I will go back to that silent evening when we lay together and talked in silent voices, while outside slow lumps of soft snow fell, hushing as they got near the ground, with a fire in the room, in which centuries of tree went up in continuous ghost-giving-up, without a crackle, into morning light. Not until what hastens went slower did we sleep. When we got home we turned and looked back at our tracks twining out of the woods, where the branches we brushed against let fall puffs of sparkling snow, quickly, in silence, like stolen kisses, and where the scritch scritch scritch among the trees, which is the sound that dies inside the sparks from the wedge when the sledge hits it off center telling everything inside it is fire, jumped to a black branch, puffed up but without arms and so to our eyes lonesome, and yet also--how can we know this?--happy! in shape of chickadee. Lying still in snow, not iron-willed, like railroad tracks, willing not to meet until heaven, but here and there treading slubby kissing stops, our tracks wobble across the snow their long scratch. So many things that happen here are really little more, if even that, than a scratch, too.
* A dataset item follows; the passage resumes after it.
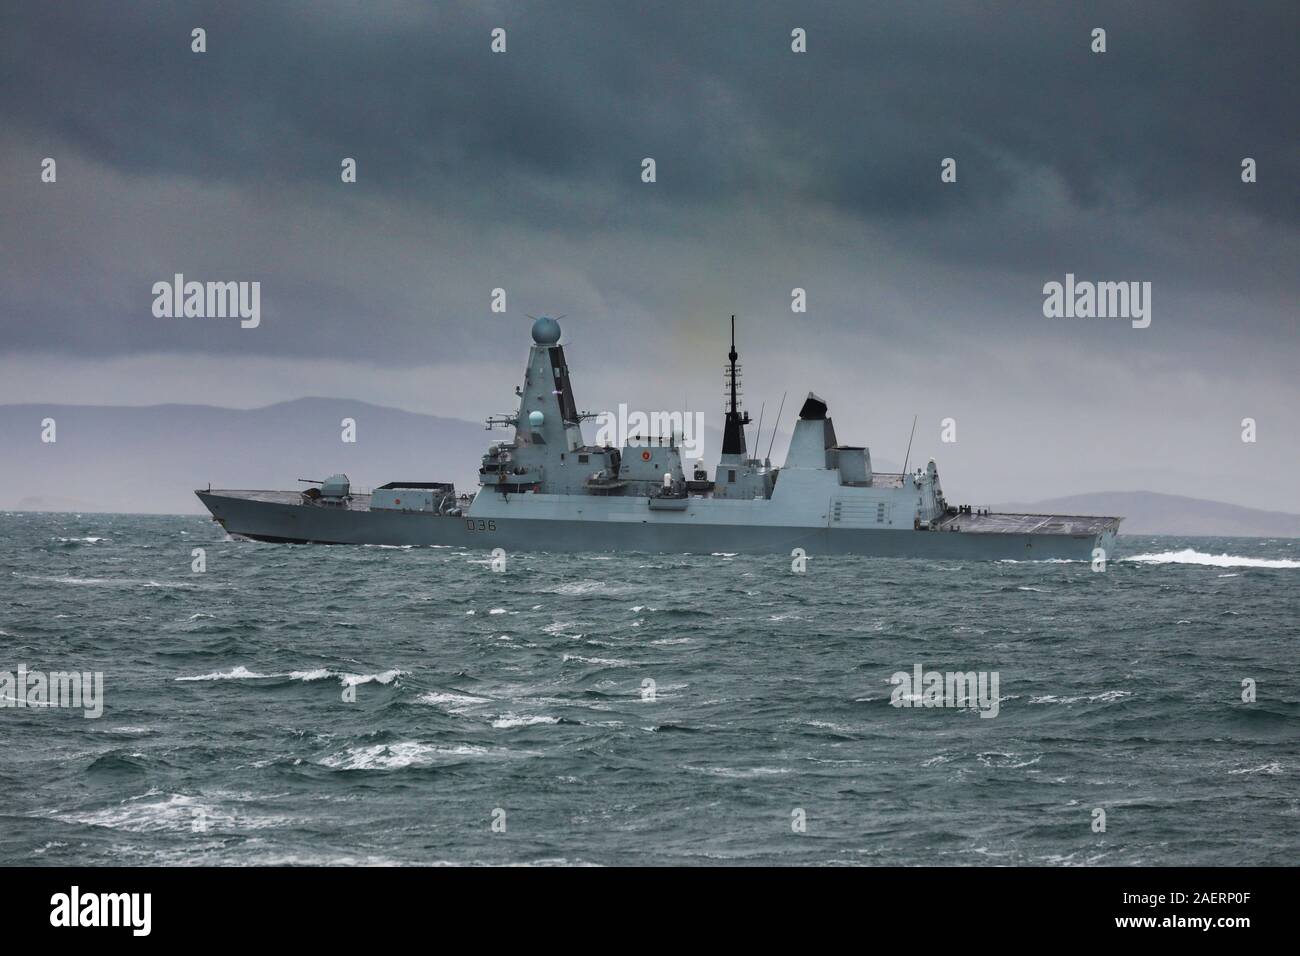 HMS Defender un British Air Defense distruttore di uno dei sei azionato dalla Royal Navy Foto Stock
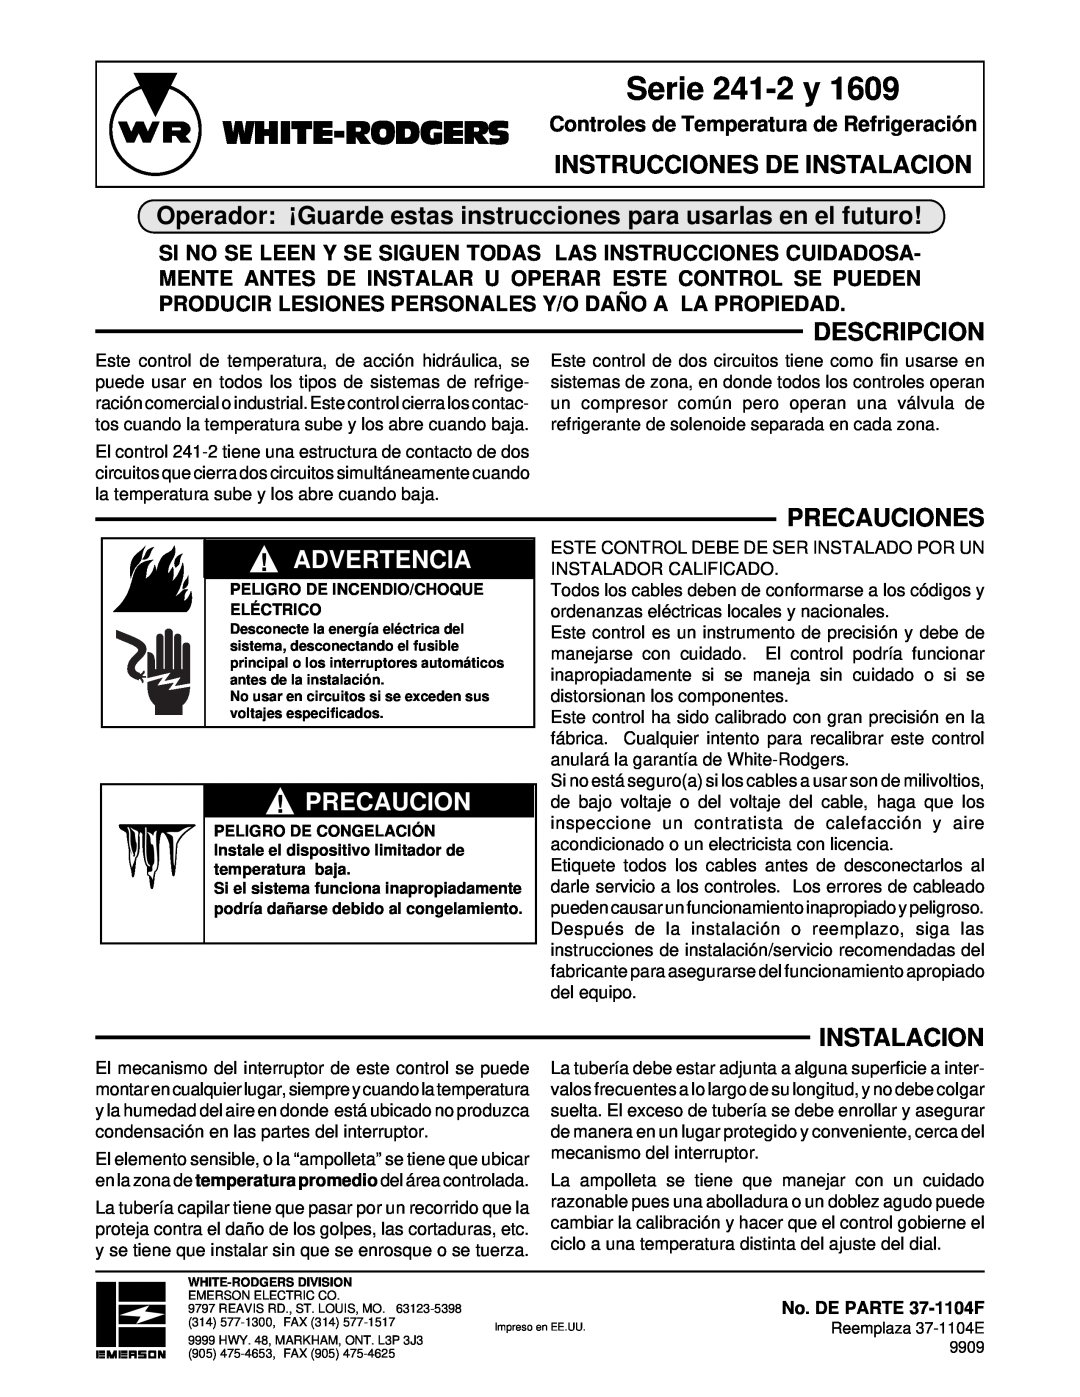 White Rodgers 1609 Serie 241-2 y, Instrucciones De Instalacion, Descripcion, Advertencia, Precauciones, Cautionprecaucion

Words, in our mouths, are almost ready, already, to bandage the one whom the scritch scritch scritch, meaning if how when we might lose each other, scratches scratches scratches from this moment to that. Then I will go back to that silent evening, when the past just managed to overlap the future, if only by a trace, and the light doubles and casts through the dark a sparkling that heavens the earth.
Kinnell studied at Princeton University, graduating in 1948. He later obtained a Master's degree from the University of Rochester.
As a young man, Kinnell served in the US Navy and traveled extensively in Europe and the Middle East. His first volume of poetry, What a Kingdom It Was, was published in 1960.
Kinnell became very involved in the U.S. civil rights movement upon his return, joining CORE (Congress of Racial Equality) as a field worker and participating in a number of marches and other civil actions.
Kinnell was awarded the Pulitzer Prize and a National Book Award for Selected Poems (1980), a MacArthur Fellowship, a Rockefeller Grant, the 1974 Shelley Prize of the Poetry Society of America, and the 1975 Medal of Merit from National Institute of Arts and Letters. He served as a Chancellor of the Academy of American Poets from 2001 to 2007.
I hack a ravine in his thigh, and eat and drink, and tear him down his whole length and open him and climb in and close him up after me, against the wind, and sleep
from 'The Bear' (Body Rags 1968)
A New Selected Poems is a retrospective collection that encompasses Kinnell's work from 1960-1994. It is rich with moments huge and surreal, such as The Bear, as well as those tender and small, (Oatmeal) and all are connected to a deep sense of place and of mortality.
He used to tell me, "What good is the day? On some hill of despair the bonfire you kindle can light the great sky— though it's true, of curse, to make it burn you have to throw yourself in . . . "
from 'Another Night in the Ruins" (Body Rags 1968)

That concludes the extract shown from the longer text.